WHAT THE EXERCISE ASKS:
Everything from the line containing "Best gaming headset" through the last line of the records below should be printed exactly, please, and nothing else.

DATA SUPPLIED:
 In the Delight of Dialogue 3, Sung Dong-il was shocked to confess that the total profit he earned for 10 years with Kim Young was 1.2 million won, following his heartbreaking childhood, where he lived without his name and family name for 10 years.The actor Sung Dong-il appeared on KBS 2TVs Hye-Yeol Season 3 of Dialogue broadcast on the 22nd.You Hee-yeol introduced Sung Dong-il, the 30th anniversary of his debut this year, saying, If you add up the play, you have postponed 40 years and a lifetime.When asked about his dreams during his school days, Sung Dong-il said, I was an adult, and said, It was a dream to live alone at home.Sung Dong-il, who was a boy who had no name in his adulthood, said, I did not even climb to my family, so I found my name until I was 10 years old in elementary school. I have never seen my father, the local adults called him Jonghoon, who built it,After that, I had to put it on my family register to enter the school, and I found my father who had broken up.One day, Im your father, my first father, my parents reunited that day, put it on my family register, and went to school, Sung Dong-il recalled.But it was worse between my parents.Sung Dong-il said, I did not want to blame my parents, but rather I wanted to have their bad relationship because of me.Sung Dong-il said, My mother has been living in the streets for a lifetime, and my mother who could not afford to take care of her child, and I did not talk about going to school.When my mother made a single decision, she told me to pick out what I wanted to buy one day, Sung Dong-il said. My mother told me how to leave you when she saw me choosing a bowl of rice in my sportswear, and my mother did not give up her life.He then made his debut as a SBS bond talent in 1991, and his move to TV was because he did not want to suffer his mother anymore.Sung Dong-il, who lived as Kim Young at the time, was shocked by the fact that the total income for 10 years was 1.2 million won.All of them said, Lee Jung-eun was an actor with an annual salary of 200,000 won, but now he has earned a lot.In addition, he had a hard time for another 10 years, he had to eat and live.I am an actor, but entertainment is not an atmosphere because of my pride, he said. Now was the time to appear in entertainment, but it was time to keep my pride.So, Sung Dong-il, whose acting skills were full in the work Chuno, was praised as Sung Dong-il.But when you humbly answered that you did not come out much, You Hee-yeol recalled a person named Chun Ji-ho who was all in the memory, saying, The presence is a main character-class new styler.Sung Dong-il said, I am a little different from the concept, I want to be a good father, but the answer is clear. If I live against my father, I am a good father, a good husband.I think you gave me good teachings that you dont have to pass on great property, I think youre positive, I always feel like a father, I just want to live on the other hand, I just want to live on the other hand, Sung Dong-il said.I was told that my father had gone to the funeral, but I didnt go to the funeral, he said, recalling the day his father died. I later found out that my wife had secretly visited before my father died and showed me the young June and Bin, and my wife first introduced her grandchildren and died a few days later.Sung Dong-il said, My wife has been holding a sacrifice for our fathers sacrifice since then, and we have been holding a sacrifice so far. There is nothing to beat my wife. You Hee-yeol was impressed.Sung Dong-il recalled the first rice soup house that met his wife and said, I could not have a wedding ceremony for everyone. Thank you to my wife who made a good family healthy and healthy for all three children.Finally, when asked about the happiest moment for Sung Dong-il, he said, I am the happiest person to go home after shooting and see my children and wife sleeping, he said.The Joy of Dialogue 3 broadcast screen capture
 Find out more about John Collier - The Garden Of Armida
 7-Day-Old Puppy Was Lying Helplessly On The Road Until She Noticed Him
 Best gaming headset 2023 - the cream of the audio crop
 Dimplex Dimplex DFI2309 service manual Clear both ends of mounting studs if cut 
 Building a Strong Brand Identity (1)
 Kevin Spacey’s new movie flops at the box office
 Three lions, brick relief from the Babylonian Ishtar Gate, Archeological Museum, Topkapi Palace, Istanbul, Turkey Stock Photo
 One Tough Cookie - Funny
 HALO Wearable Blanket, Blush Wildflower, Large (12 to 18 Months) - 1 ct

WRITTEN RESPONSE:
 Best gaming headset 2023 - the cream of the audio crop
 Dimplex Dimplex DFI2309 service manual Clear both ends of mounting studs if cut 
 Building a Strong Brand Identity (1)
 Kevin Spacey’s new movie flops at the box office
 Three lions, brick relief from the Babylonian Ishtar Gate, Archeological Museum, Topkapi Palace, Istanbul, Turkey Stock Photo
 One Tough Cookie - Funny
 HALO Wearable Blanket, Blush Wildflower, Large (12 to 18 Months) - 1 ct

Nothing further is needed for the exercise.